凉亭里,左菲雁抛开所有疑惑,想让自己得到片刻的宁静,而那些百思不得其解的事情就等稍后再去思考。总有一天,真相会自己跳出来,或者下次进宫,她可以设法去试探皇兄,看看能否从皇兄口中得出些什么?闲散的把玩手上这支于伟祺送给她的玉簪,玉簪通体透明散发着幽幽绿光。

“公主,你又在想驸马了?”调皮的声音在耳畔响起。

“去去去……你这死丫头,瞎说什么。”左菲雁赶苍蝇似的,把水蝶凑过来的脑袋给推开。

还是继续研究这支玉簪吧!上次于伟祺送给她之后,她都没来得及好好研究。

“公主,这玉簪上面的可是梨花碎瓣?”水莲清甜的声音沾满疑惑。

梨花?经水莲这么一说,仔细一看,玉簪上面的果真是梨花花瓣。

“莲儿,你好聪明,谢啦!”欢快的向水莲道谢。

“公主客气了,您说驸马送这支玉簪是不是有什么含义?”一般男人送女人东西,或者女人送男人东西都有一定的含义,比如等待,爱恋,婚嫁……可就不知驸马送公主的是什么含义。

“含义?会有什么含义?”一时没有听明白水莲的话,偏着头想这玉簪上的梨花到底是什么含义。

“梨花的花语是一辈子的守护。”凉亭外,吹来一阵低柔的嗓音,清幽不失温柔,温柔中含着点点调笑忧郁。

一听有男声,水蝶转身大声喝斥,“大胆,你是何人?”

“在下皇甫云卿。”来人有理道。

“皇甫云卿是何人?”水蝶偏头细问。

“想必这位就是绿蝶公主,皇甫云卿给公主请安。”皇甫云卿抱拳躬身一礼。

“这里不是皇宫,皇甫公子免礼。”左菲雁示意他不必多礼。

她也是昨日才嫁到于家,对于于家的人、事、家庭构成还不太了解。基于于伟祺不在府中,她也不想去深入了解,所以一直呆在这兰亭阁,除非有人来找她。

细看眼前这位皇甫云卿,长得还不是一般的好看。

如果说,皇兄是风流倜傥,玉树临风;沐清风是温润如玉,谈笑风生;于伟祺是英气逼人,冷如寒霜;那这位皇甫云卿就眼若明星,面如冠玉,肤若凝脂,颜如敷粉。
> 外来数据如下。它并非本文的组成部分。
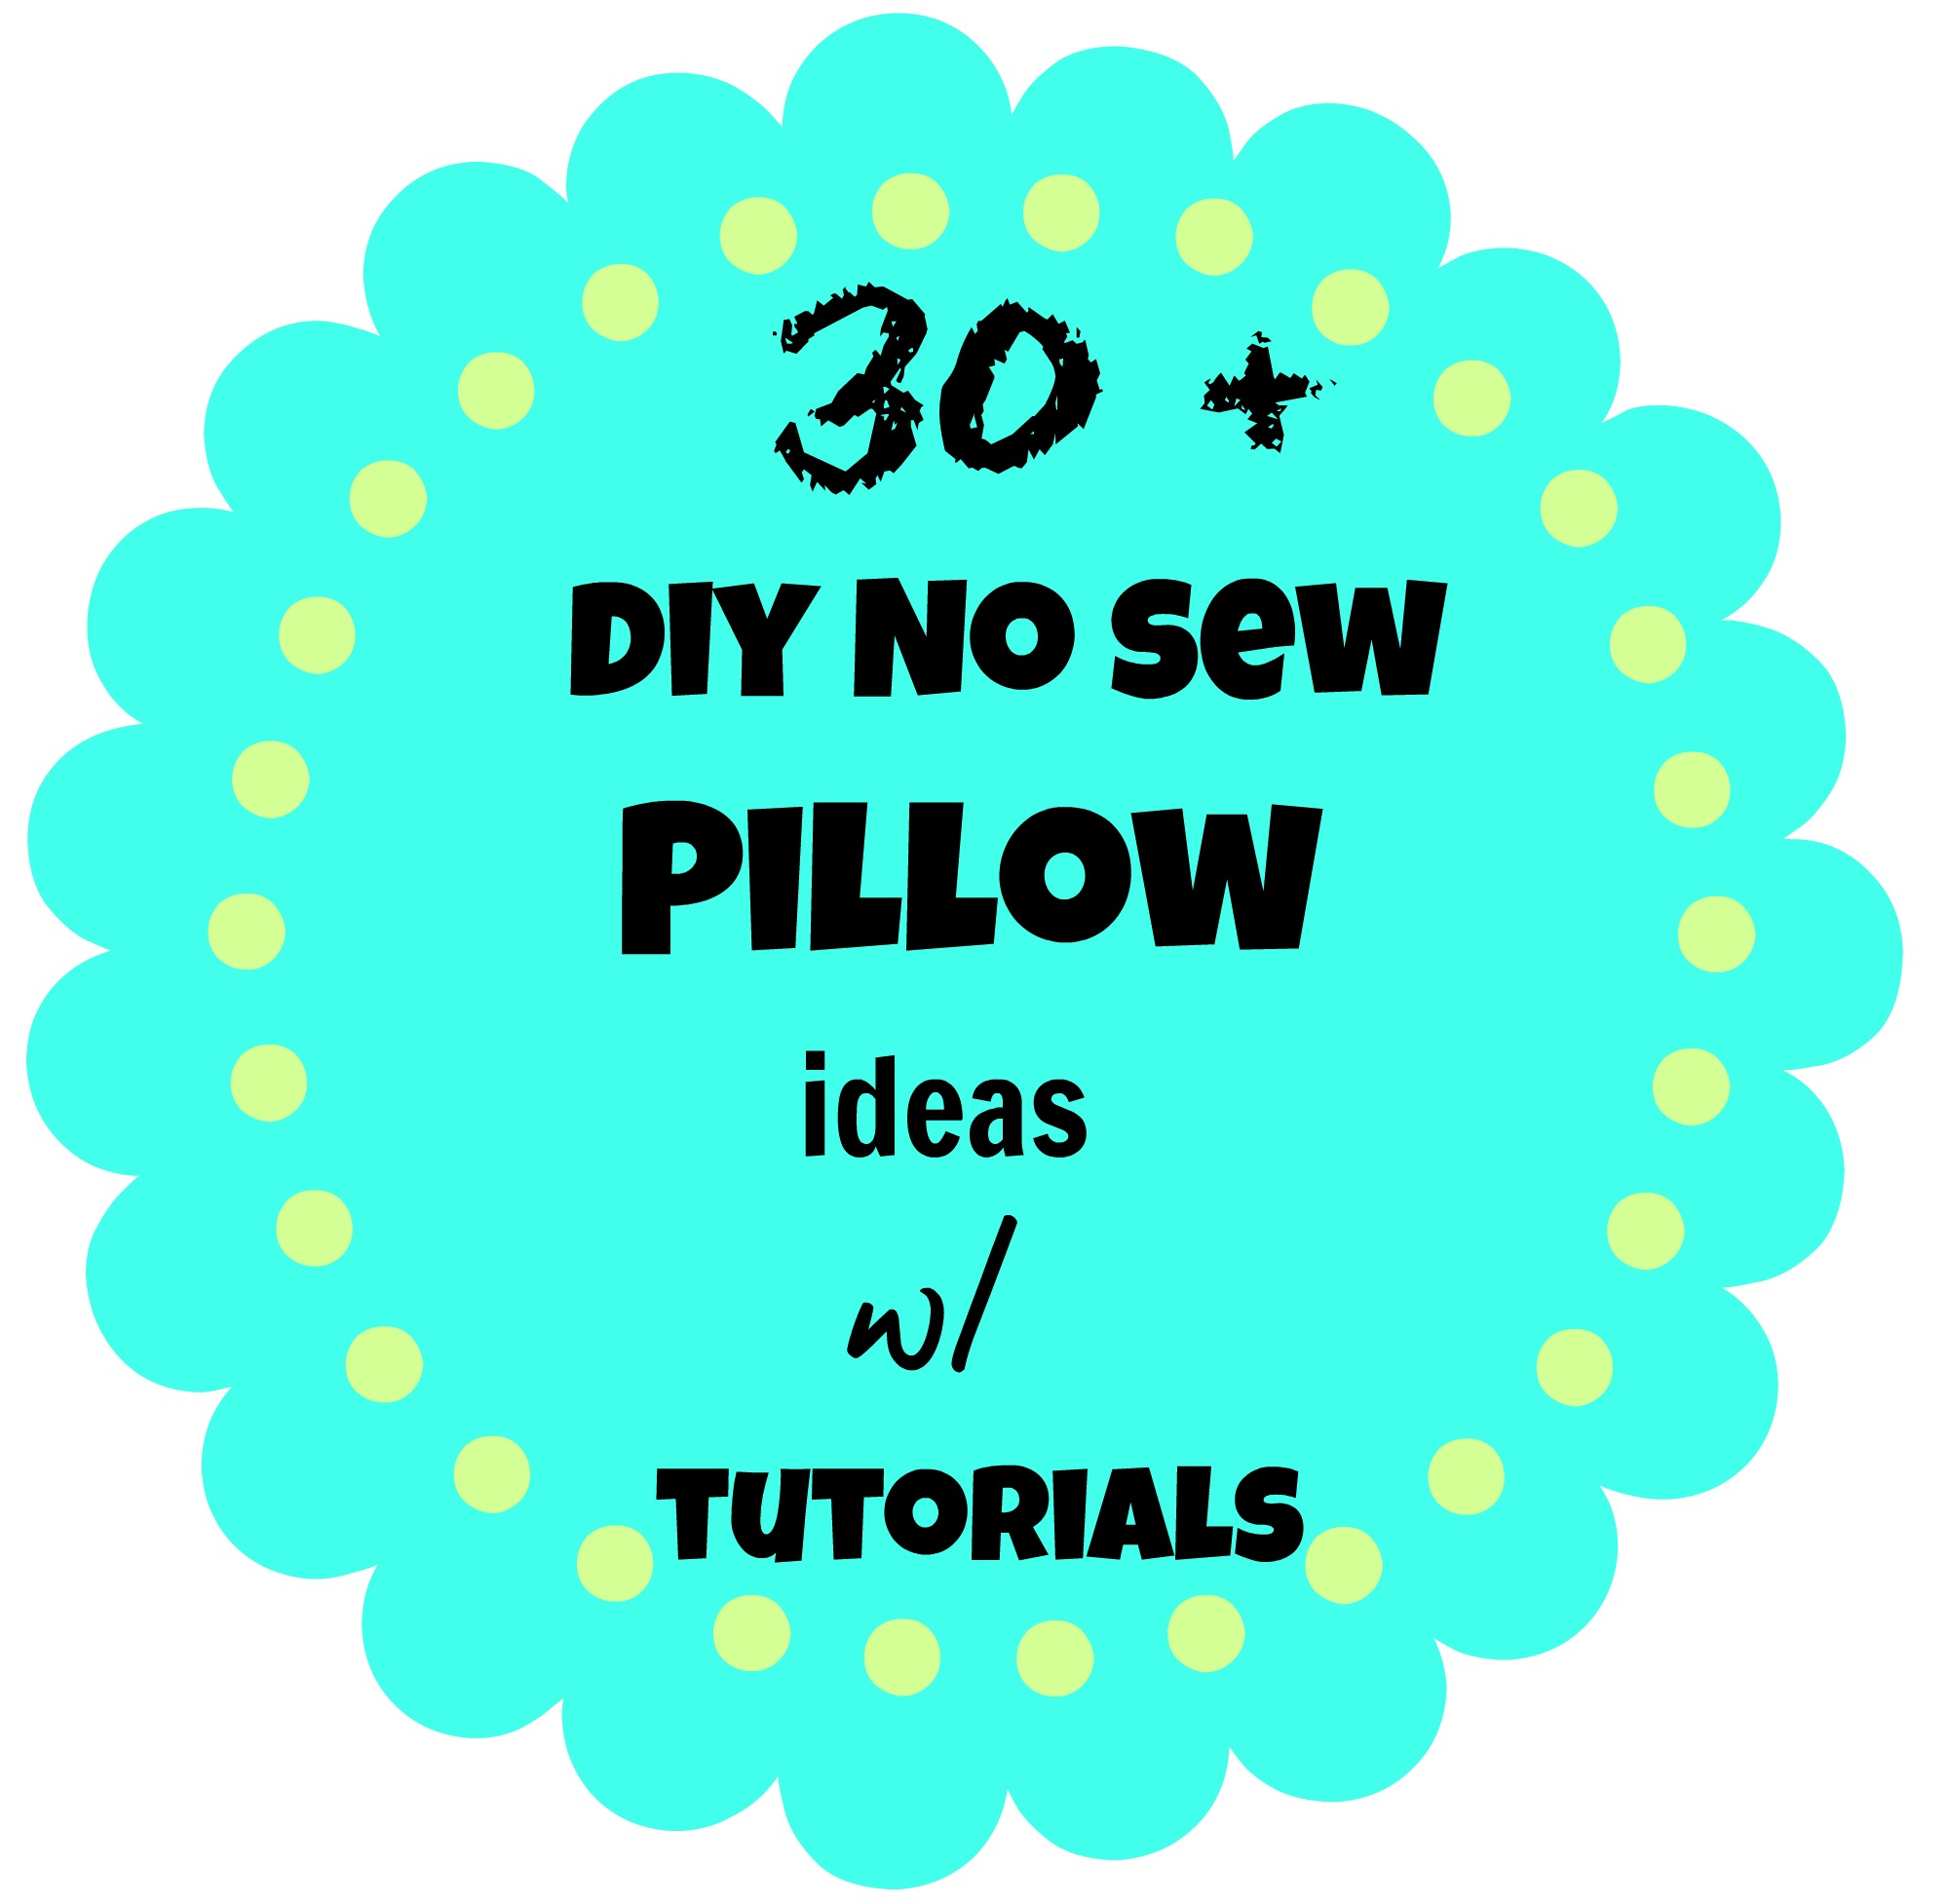 diy pillow pillow sew ideas sew ideas no no

“公主看够没?”皇甫云卿痞痞一笑,手中白色折扇翩翩。

“还没。”左菲雁毫不避讳的继续盯着他看。

黑色的长发松松垮垮的被绾起,紫色的瞳眸漾着邪肆忧郁,高挺的鼻梁,红润的饱满的唇瓣镶在一张漫不经心的俊美绝伦的脸上。一袭紫色的锦袍,手里拿着一把白色的折扇,扇柄上缀着一块像叶子的红玉,随意的穿着一双冰蓝靴子,让他看起来既风雅,又深不可测。

他到底是谁?为什么有种似曾相识的感觉?尤其是那邪肆中参杂忧伤的气息。

“在下真是荣幸,能得到公主如此赏识。”皇甫云卿眉目含笑的摇着折扇走进凉亭站立在左菲雁的跟前,好让她观察的更仔细。

“大胆,还不快退离公主三步。”水蝶见眼前这人一点规矩也没有,立马又喝斥起来。

“公主,你的贴身婢女脾气好大,害的我有点怕怕。”皇甫云卿打趣的看了一眼水蝶,依言退后三步。

水莲在旁细细的观看一番后,出声问道,“敢问公子就是江湖上相传鼎鼎有名的‘毒王’?”双眼警惕的看着皇甫云卿。

“啧,姑娘好眼力。”没想到宫里出来的人还会知道他,尤其是这位看起来只有十六七岁的女子,不经让他另眼相看,容貌生的倒比绿蝶公主来的秀美,身上也有大家闺秀的气质。

“‘毒王’?莲儿,你说的是真的吗?”左菲雁不顾形象的抓住水莲的手。

“是听府上人说的。”水莲点头。

“那皇甫云卿,你最厉害的毒是什么?”她最崇拜的就是会下毒的人,她好想学啊。

“公主想学?”稀奇,没有哪个人听到他是‘毒王’后不吓得屁股尿流,也只有眼前这位长得清秀的公主对他好奇至极。

“想,可是我不知道你是好人还是坏人?”警惕的看了他一眼,这里不比皇宫,虽然这里也是她的家,可是她不熟悉,所以防人之心不可无。

“那你说我是好人还是坏人?”第一次被人这么问,让他越来越对这位绿蝶公主感到好奇。到底是什么样的环境养成她这样的个性,各种各样的表情都在脸上表现出来,像是个一点心机也没有的人。

“你问我,我怎么知道?”这人脑子是不是有病,是她先问的,这倒好,他到反过来问她。

“我是你驸马于伟祺特邀来做客的客人,你说我是好人还是坏人?何况昨夜我还救了你一命,这就是怀疑恩人的表现吗?”皇甫云卿笑的更加邪肆,说出的话也越让左菲雁感到疑惑。

“你救了我?你为什么要救我?我好端端的又没受伤。”左菲雁鄙弃的看了皇甫云卿一眼,越来越觉得他脑子有问题,老是说些听不懂的话。

“莲儿,蝶儿,昨晚我有受伤?这位皇甫公子说救了我一命。”左菲雁调转身子问着身后的水莲水蝶。

“公主,奴婢们不知。”水莲和水蝶眼中有着闪烁。

“真的吗?”半信半疑的盯着她们,总觉得她们两个知道些什么。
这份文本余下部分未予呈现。